Step 2 (deploy N+1) — Backfill: once Step 1 is stable in prod (≥ 1 week, no rollbacks needed), backfill existing rows.

-- migration NNN+1_backfill_user_email_verified.sql
UPDATE users SET email_verified = false WHERE email_verified IS NULL;

Step 3 (deploy N+2) — Contract: once the backfill is in, add the constraint. The old binary (still write-coalescing NULL → false) keeps working ; the new binary uses NOT NULL knowledge.

-- migration NNN+2_user_email_verified_not_null.sql
ALTER TABLE users ALTER COLUMN email_verified SET NOT NULL;
ALTER TABLE users ALTER COLUMN email_verified SET DEFAULT false;

After Step 3 is stable, you can rollback exactly one deploy without breakage. Rolling back beyond Step 1 is no longer safe — that's the expected consequence of expand-contract.

Allowed in a single deploy

Change Safe in one deploy?
CREATE TABLE yes
CREATE INDEX CONCURRENTLY yes
Add nullable column yes
Add column with constant default yes (PG ≥ 11)
Backfill UPDATE (idempotent) yes
DROP INDEX CONCURRENTLY yes (read paths flex)
DROP TABLE (if no recent code reads it) with caution

NOT allowed in a single deploy

Change Why
DROP COLUMN rollback's binary still selects it
ALTER COLUMN ... NOT NULL (no prior backfill) rollback inserts NULL
ALTER COLUMN ... TYPE rollback's binary expects old type
RENAME COLUMN rollback's binary still references old name
RENAME TABLE rollback queries old name

Reviewer checklist (PRs touching veza-backend-api/migrations/)

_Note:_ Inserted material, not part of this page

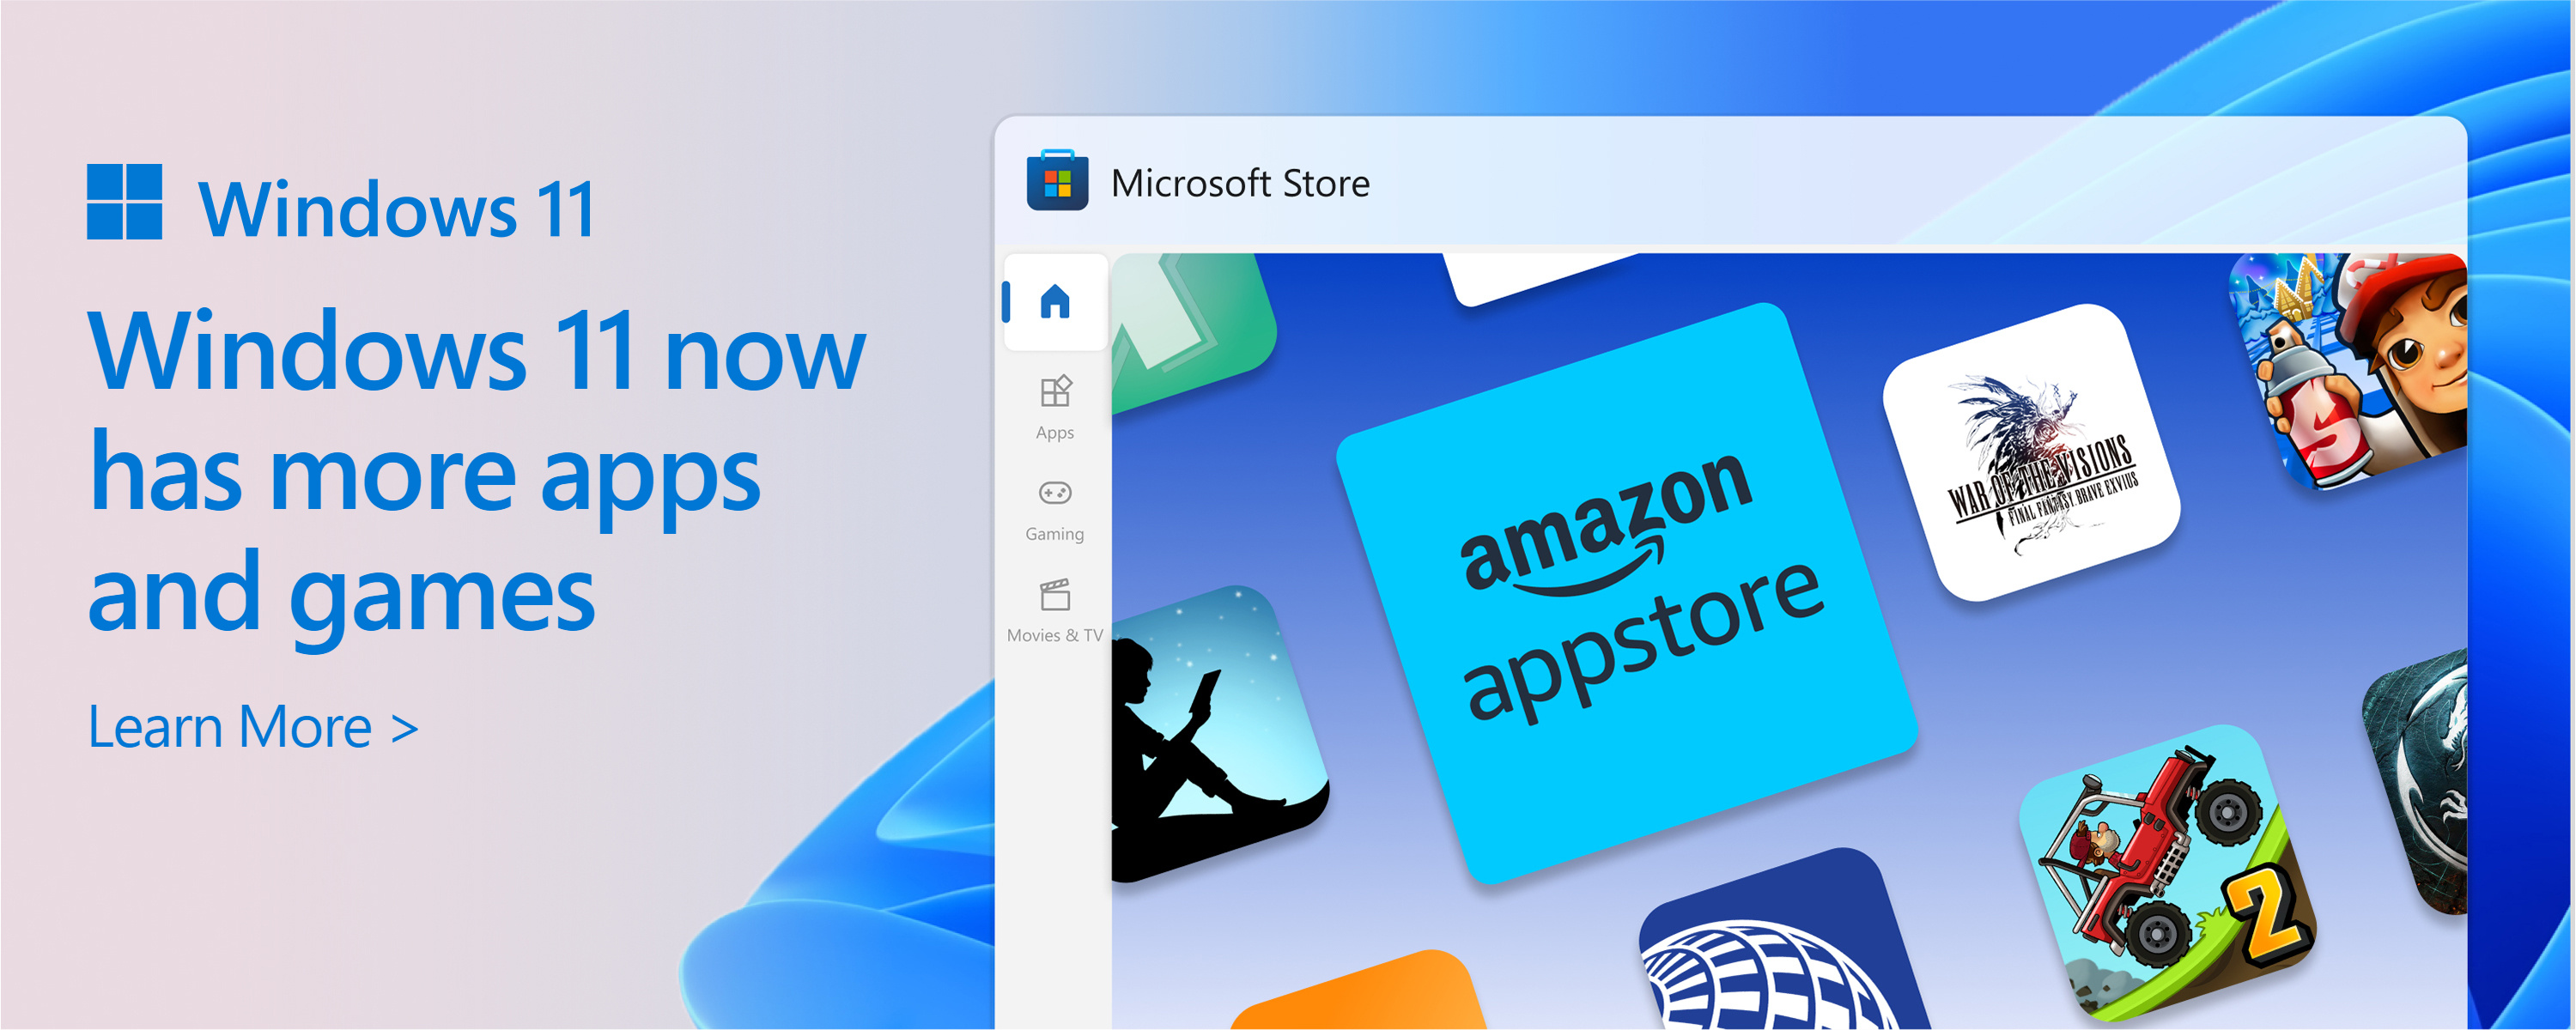 Captură de ecran a Microsoft Store cu textul: Catalogul Microsoft Store este în creștere. Windows 11 vă oferă mai multe dintre aplicațiile și jocurile pe care le doriți și de care aveți nevoie.

  • Migration is forward-only (GORM doesn't run rollback SQL).
  • Migration is idempotent (re-running on an already-migrated DB is a no-op — IF NOT EXISTS, ON CONFLICT DO NOTHING, etc.).
  • No DROP COLUMN, ALTER ... NOT NULL, RENAME (or, if there is, the PR description references the prior backfill PRs and explains why this is the contract step).
  • If the migration takes a heavy lock (eg ALTER TABLE rewriting), use CREATE INDEX CONCURRENTLY or split.
  • App code changes assume both old and new schema are valid.

When you must violate the rule (incident)

Sometimes a hot incident demands a destructive change ASAP and rollback is acceptable risk. In that case:

  1. Tag the PR with migration:destructive.
  2. Document in the PR body what the rollback procedure is (manual SQL to recreate the dropped column, etc.).
  3. Get a second pair of eyes on the migration before merge.
  4. Block the corresponding rollback workflow for that env until you've verified the new schema is sticking.

Future hardening (not in v1.0.x)

A squawk linter step in .forgejo/workflows/ci.yml could scan veza-backend-api/migrations/*.sql and fail on DROP COLUMN, ALTER ... NOT NULL, RENAME. The discipline above is the v1.0 answer ; tooling lands when the hand-rolled discipline starts missing things.